Market Fortune-Telling? Schwab’s CEO Says Leave the Crystal Ball at Home
Patience Over Prediction: Why Schwab’s CEO Says Staying the Course Beats Guessing the Market

When Charles Schwab CEO Rick Wurster stepped onto Yahoo Finance’s Opening Bid, his message to investors was as timeless as it was pointed: resist the temptation to outsmart the market. He reminded audiences of a core principle often forgotten in times of rallies and fear-driven dips. “It’s about time in the market, as opposed to timing the market,” Wurster said, echoing wisdom that has guided generations of long-term investors.
Wurster underscored the challenge of trying to outmaneuver the market’s rhythm. To succeed, he explained, you have to be right twice—on the way out and on the way back in. Few investors manage that feat consistently, even professionals. It is the financial equivalent of hitting two bullseyes in a row while blindfolded.
The Market’s Relentless Climb
This year’s surge has been nothing short of extraordinary.

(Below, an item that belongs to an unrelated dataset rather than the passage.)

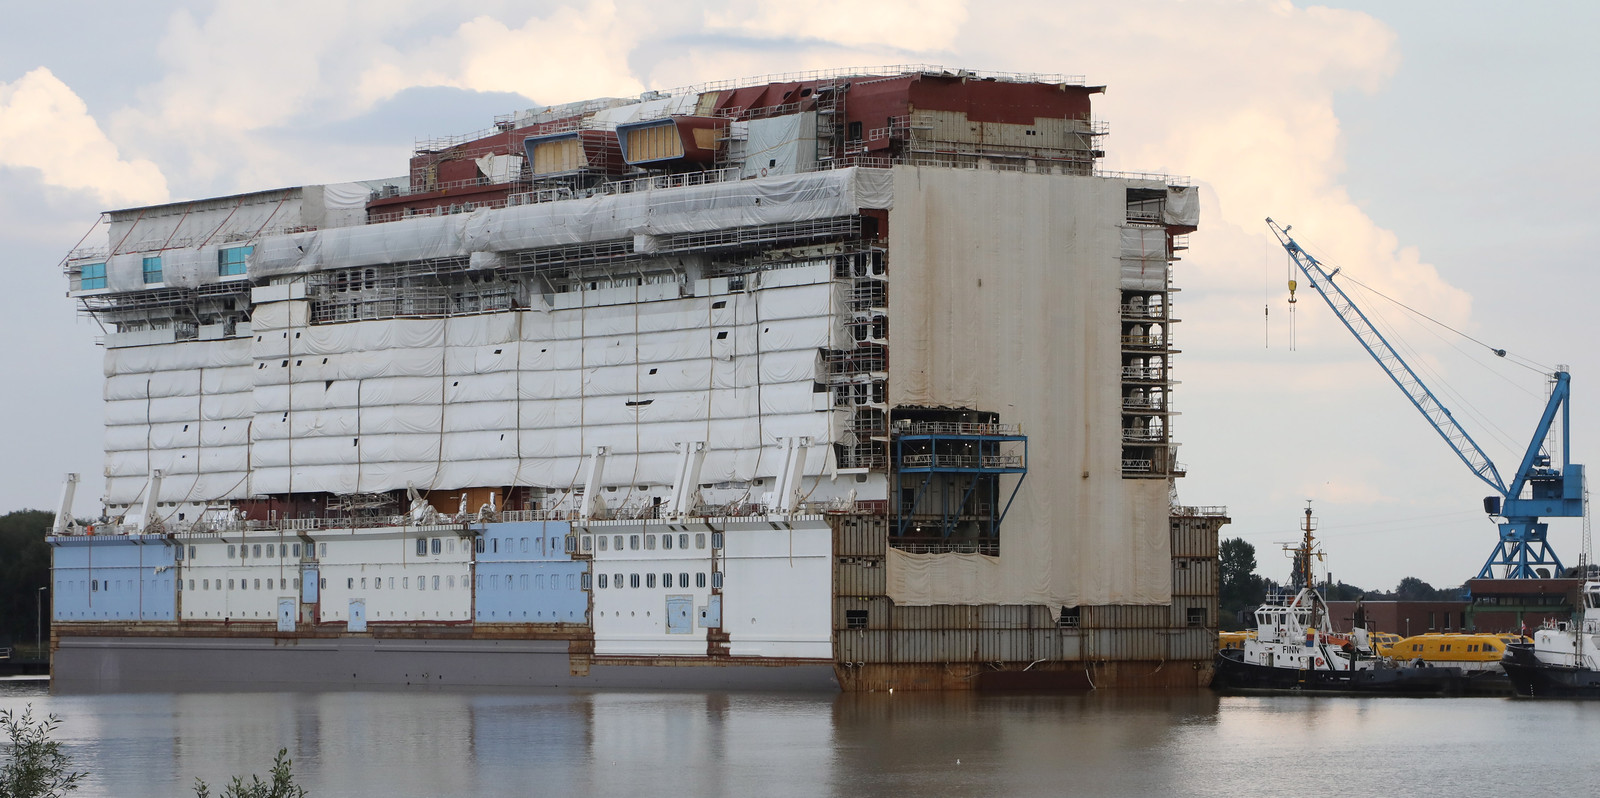 Bouw van cruiseschip Spectrum of the Seas bij de Meyer Werft Gruppe in Papenburg. Augustus 2018.
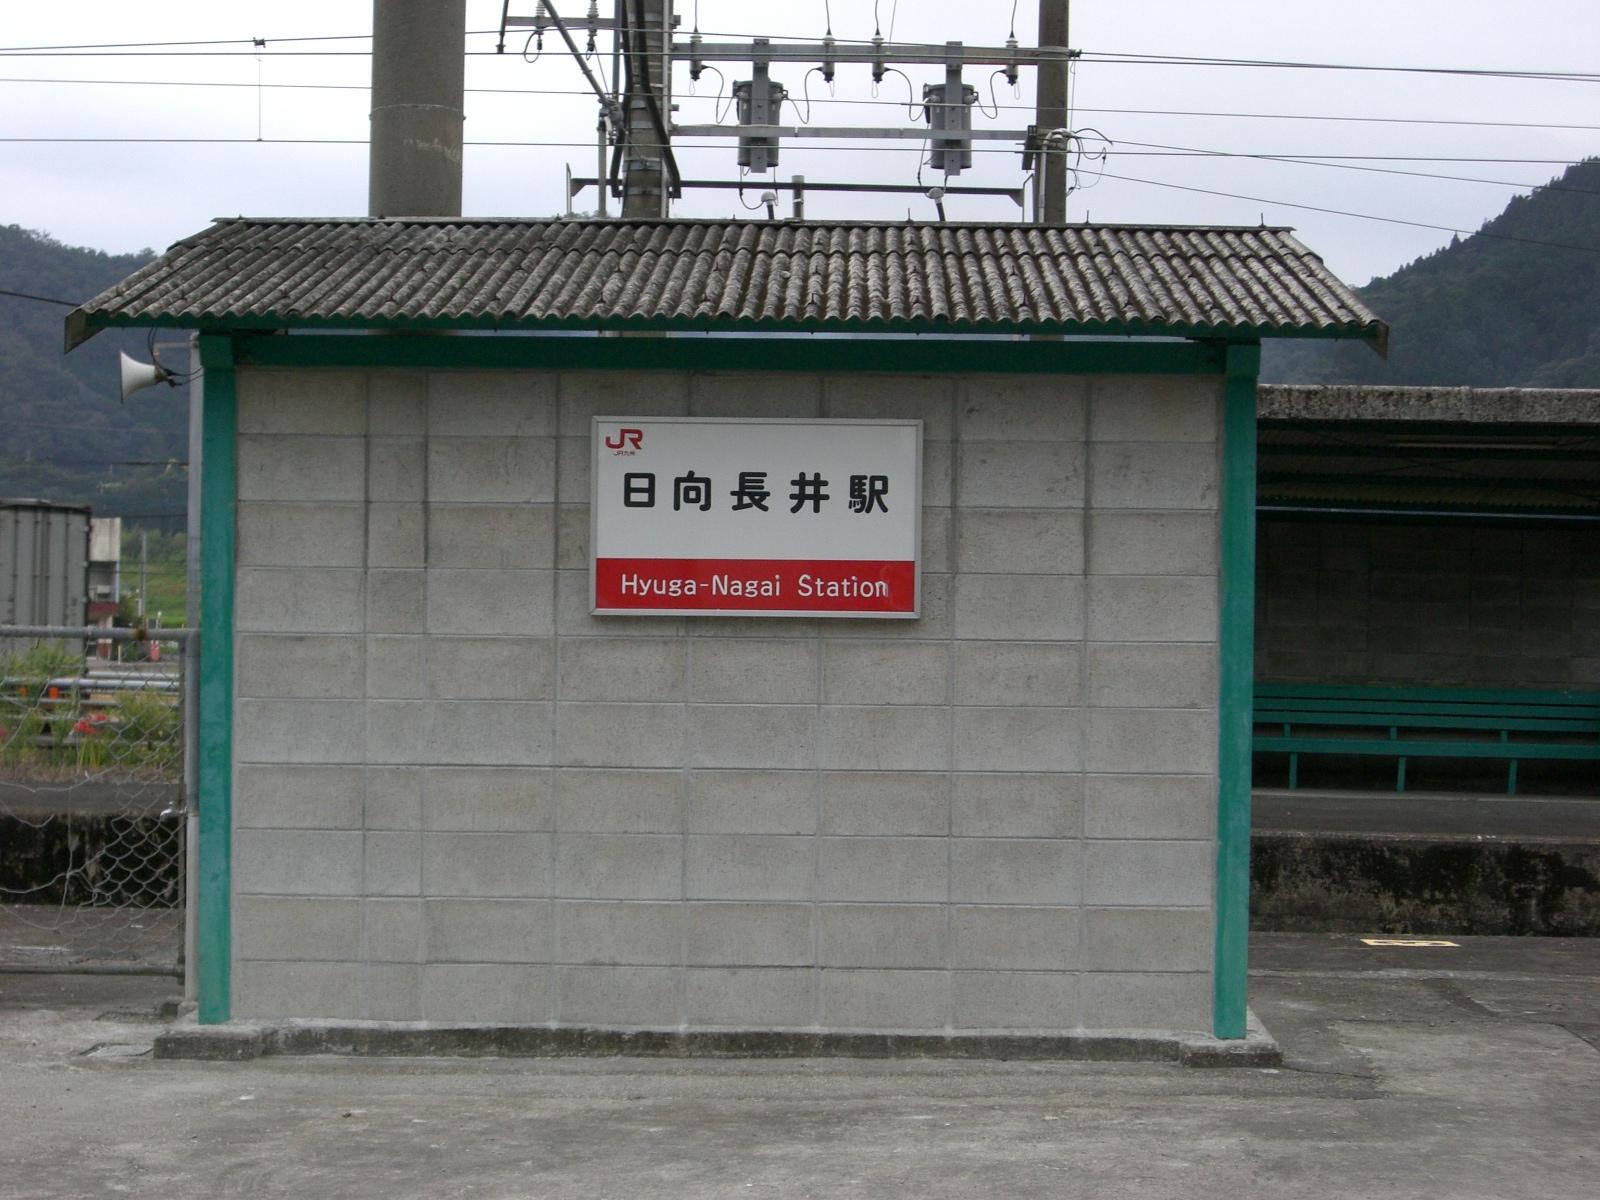 휴가나가이 역

The S&P 500 is up nearly 13 percent, the Nasdaq has raced ahead with gains above 16 percent, and even the lagging Dow has managed to climb more than 8 percent. The rally has been fueled largely by the “Magnificent Seven” tech giants, with Microsoft, Apple, Alphabet, and Nvidia leading the charge. Their robust earnings, unprecedented cash flows, and dominance in artificial intelligence have created a gravitational pull on indexes, lifting them to historic highs.
Wurster acknowledged the outsized role of these companies. “Their fundamentals have been so strong,” he said, pointing to the resilience of their businesses. For Schwab clients, it has been a winning run. Portfolios are swelling, balances are higher than ever, and activity levels have surged. Trading is up 30 percent compared to last year, margin balances have reached record levels, and options activity is on the rise.